What is required: Within the records that follow, restate exactly the lines from the line with "トランザクション型失効Sunlitous スポイト付き遮光瓶 香水" down to the line with "Konseptet I.D. Buzz", including both. Omit the pictures.

Material provided:
——————

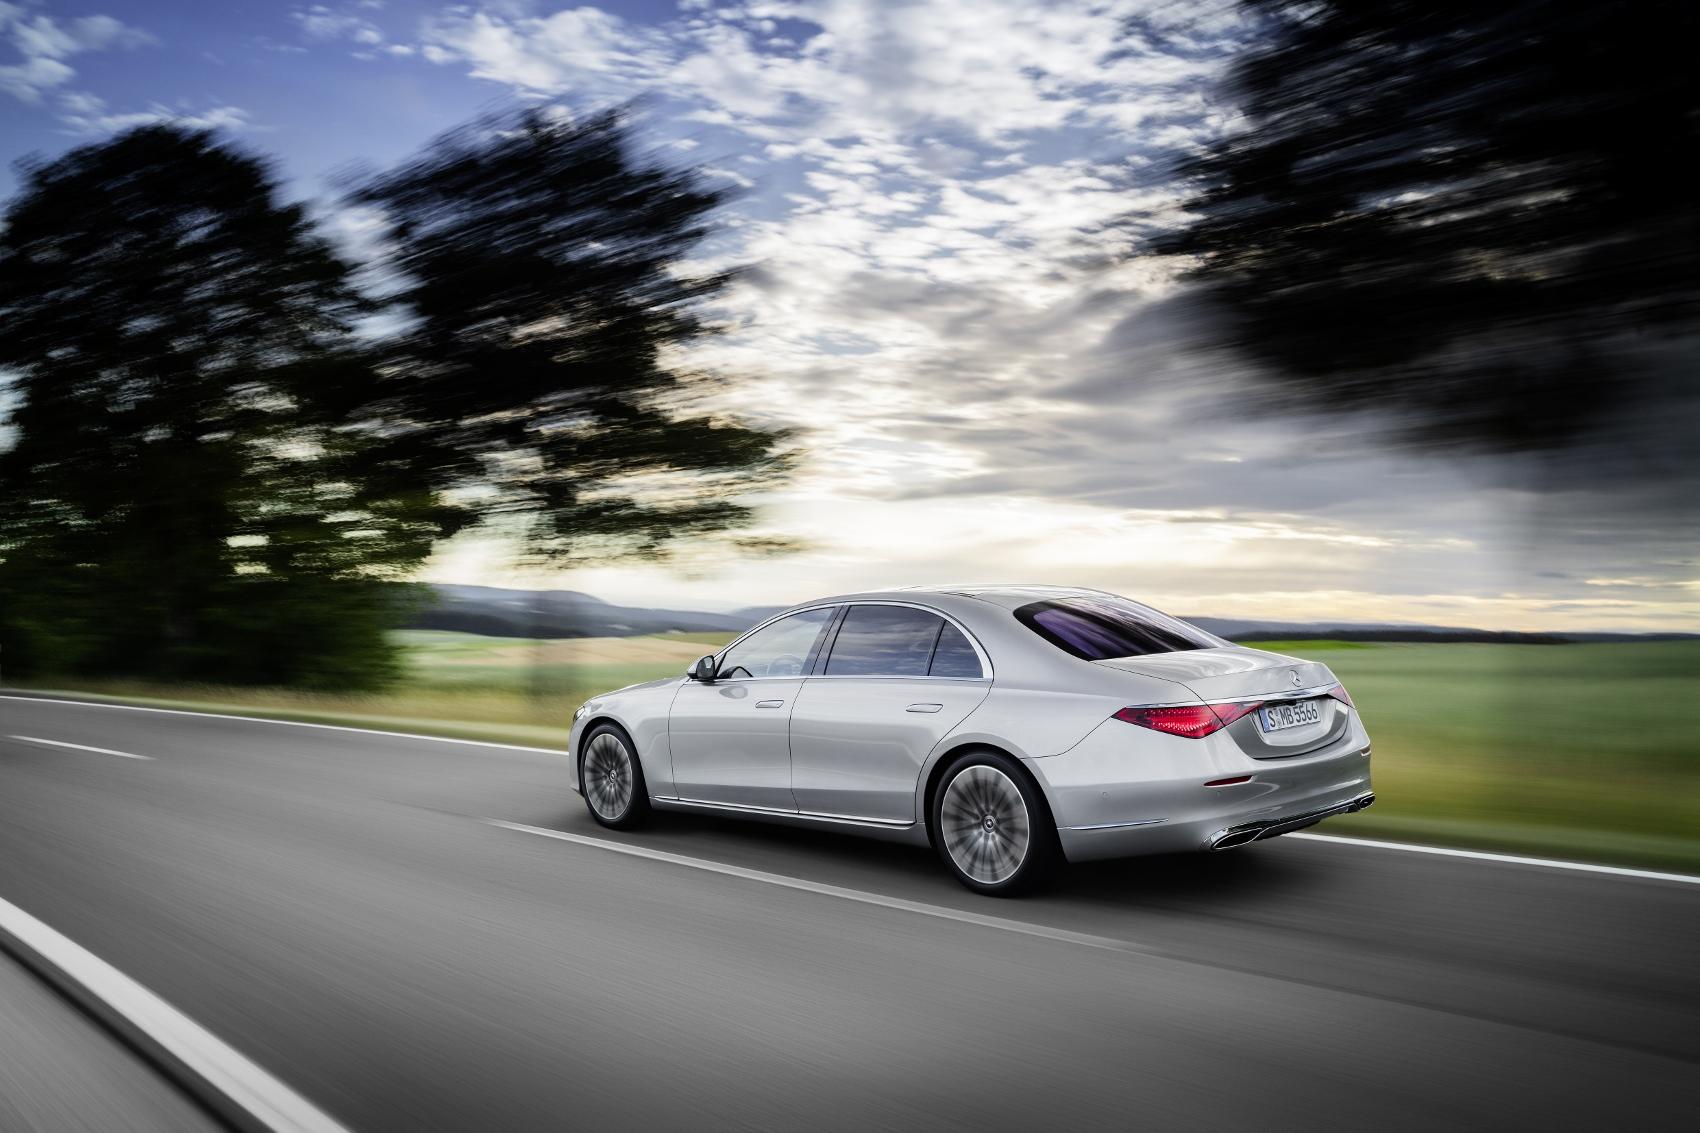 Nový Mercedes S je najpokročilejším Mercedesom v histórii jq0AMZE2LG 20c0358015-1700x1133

——————

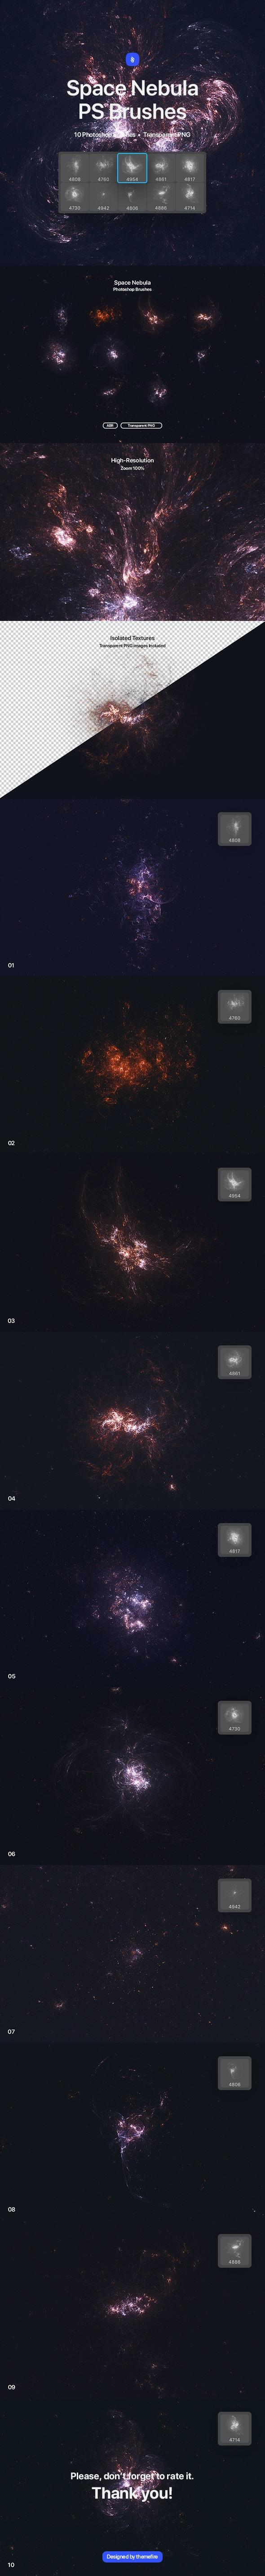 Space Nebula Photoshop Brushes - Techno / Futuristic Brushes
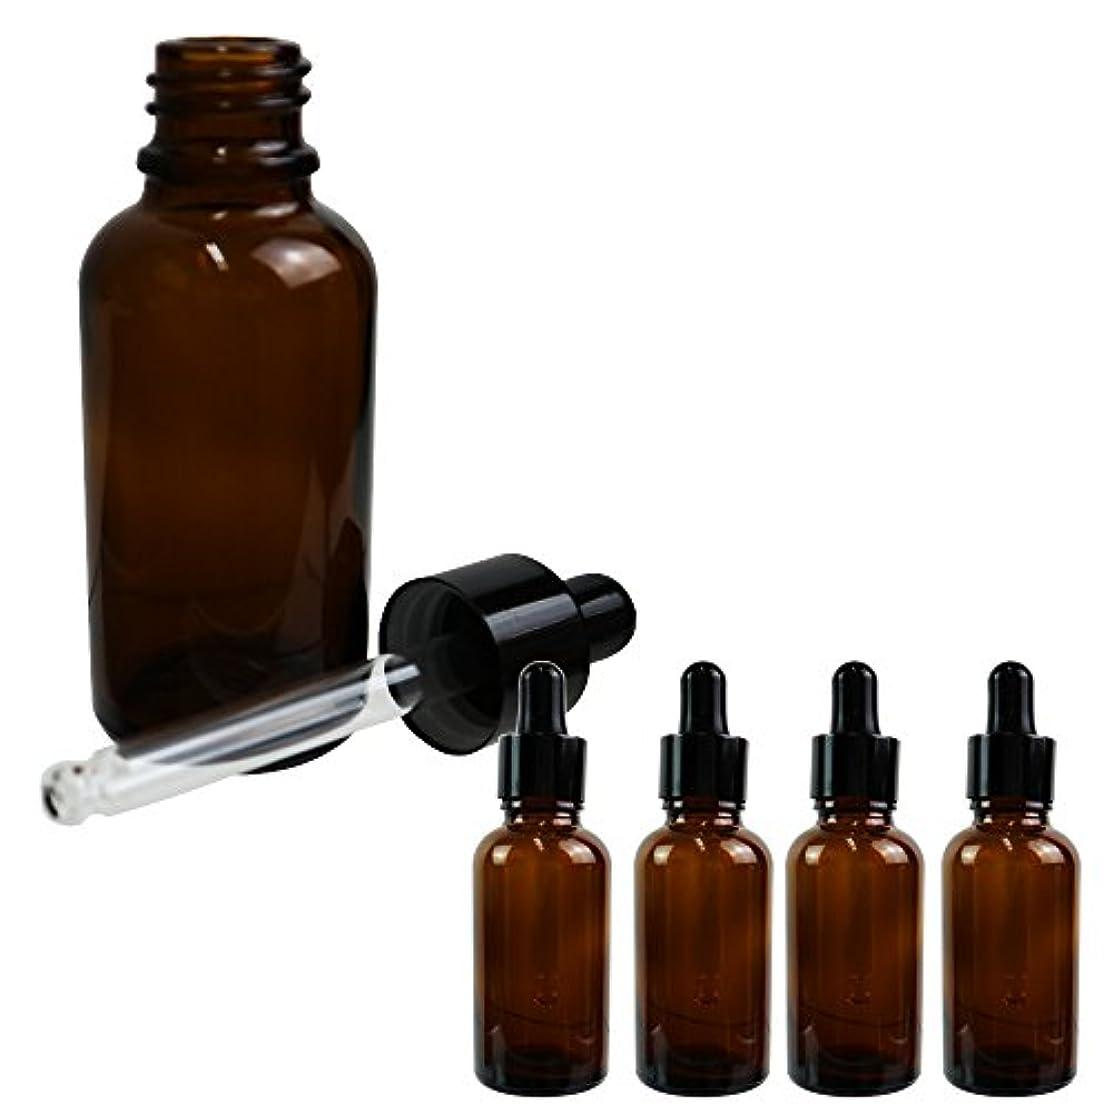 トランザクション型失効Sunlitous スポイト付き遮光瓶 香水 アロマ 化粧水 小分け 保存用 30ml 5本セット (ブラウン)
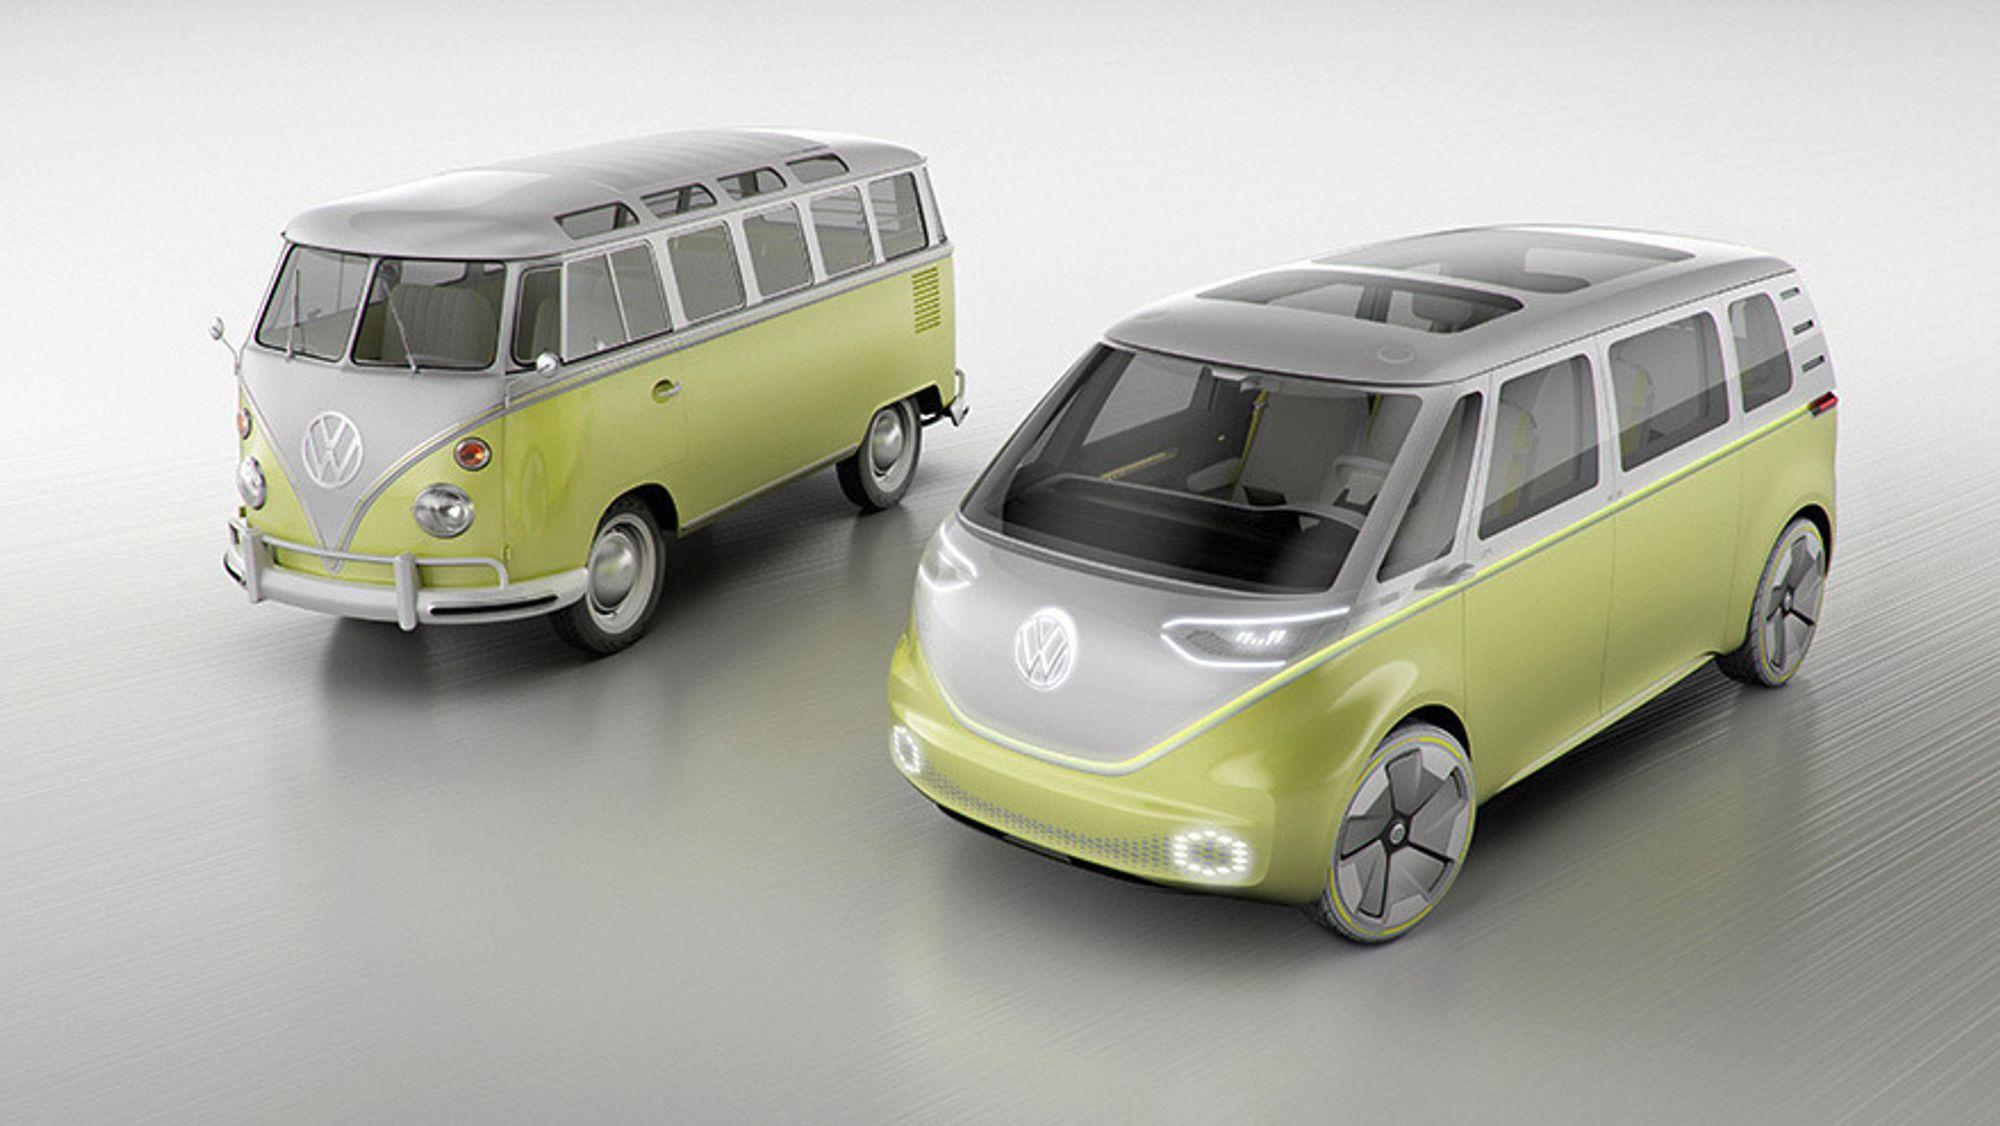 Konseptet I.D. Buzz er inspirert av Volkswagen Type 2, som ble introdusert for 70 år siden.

——————

Your solution:
 トランザクション型失効Sunlitous スポイト付き遮光瓶 香水 アロマ 化粧水 小分け 保存用 30ml 5本セット (ブラウン)
 Konseptet I.D. Buzz er inspirert av Volkswagen Type 2, som ble introdusert for 70 år siden.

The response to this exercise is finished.